Additional Thresholds shown here:


//From the reversal parameters calculated

//stuckRev
if (Math.abs(molecule.getParameter("rev_begin_x")) < stuckRevThreshold &&\
Math.abs(molecule.getParameter("rev_begin_y")) < stuckRevThreshold) {
  molecule.addTag("stuckRev")

}

//stuckMSD
if (molecule.hasTag("stuckRev") &&\
  molecule.getParameter("x_MSD") < stuckMSDThresholdx &&\
  molecule.getParameter("y_MSD") < stuckMSDThresholdy) {
    molecule.addTag("stuckMSD")
}

//shortTrajectory
int deadSlice = table.getValue("slice",table.getRowCount()-1)
if (deadSlice < minLength)
  molecule.addTag("shortTrajectory")

//Drift Calculator
  DriftCalculatorCommand.calcDrift(archive, "stuckMSD", "x", "y", "x_drift", "y_drift", false, "mean", "end")

//Drift Corrector
  DriftCorrectorCommand.correctDrift(archive, driftZeroRegionStart, driftZeroRegionEnd, "x_drift", "y_drift", "x", "y", "x_drift_corr", "y_drift_corr", false)


‘dirftZeroRegion’ is the number of frames during drift correction where coordinates are set to 0 for this reference region. ‘conversionPixeltoMicron’ is the pixels size in microns.
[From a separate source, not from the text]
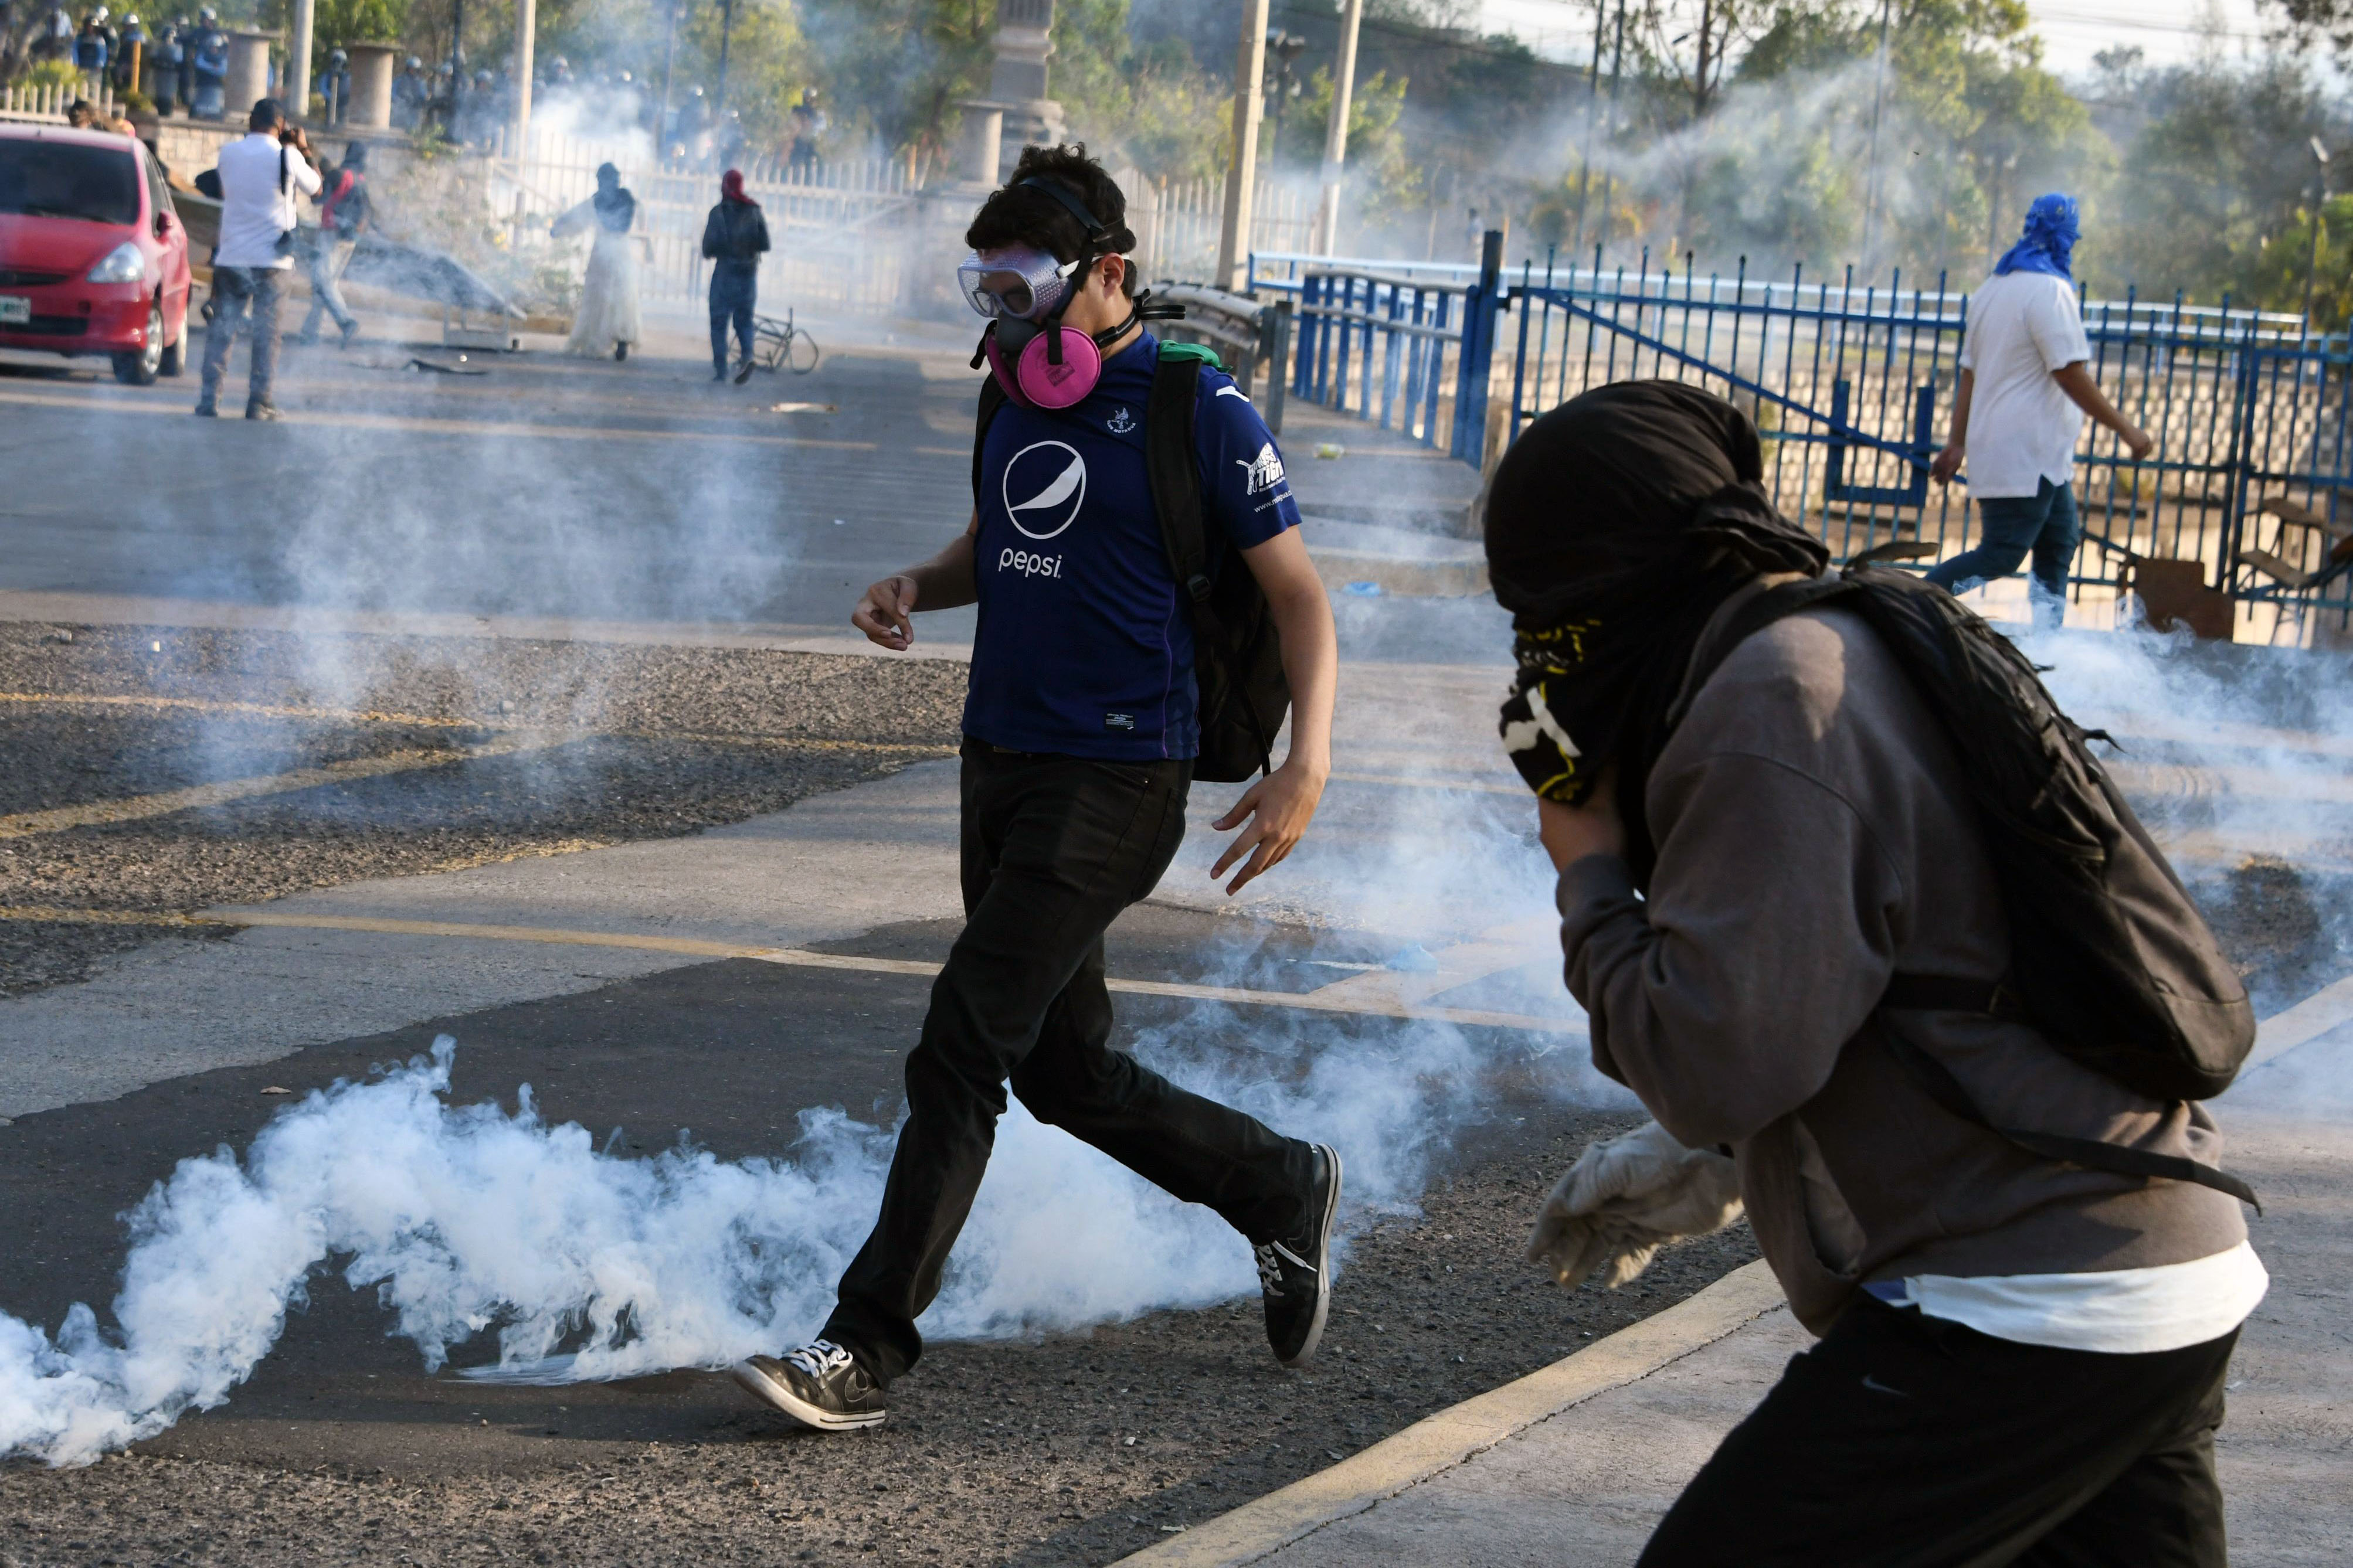 الغاز المسيل للدموع تفرق المتظاهرين

‘stuckRevThreshold’ uses the reversal parameters ‘rev_begin_x’ and ‘rev_begin_y’ to tag immobile beads. If there is no motion during flow reversal in either x or y coordinate these are tagged ‘stuckRev’.

‘stuckMSDThresholdx’ and ‘stuckMSDThresholdy’ parameters are calculated MSD for the whole trace for x and y respectively. Molecules within the threshold are tagged stuckMSD. These are used to calculate and correct for drift.

‘minLength’ tags molecules ‘shortTrajectory’. This filters out all the trajectories which have less frames than the provided threshold.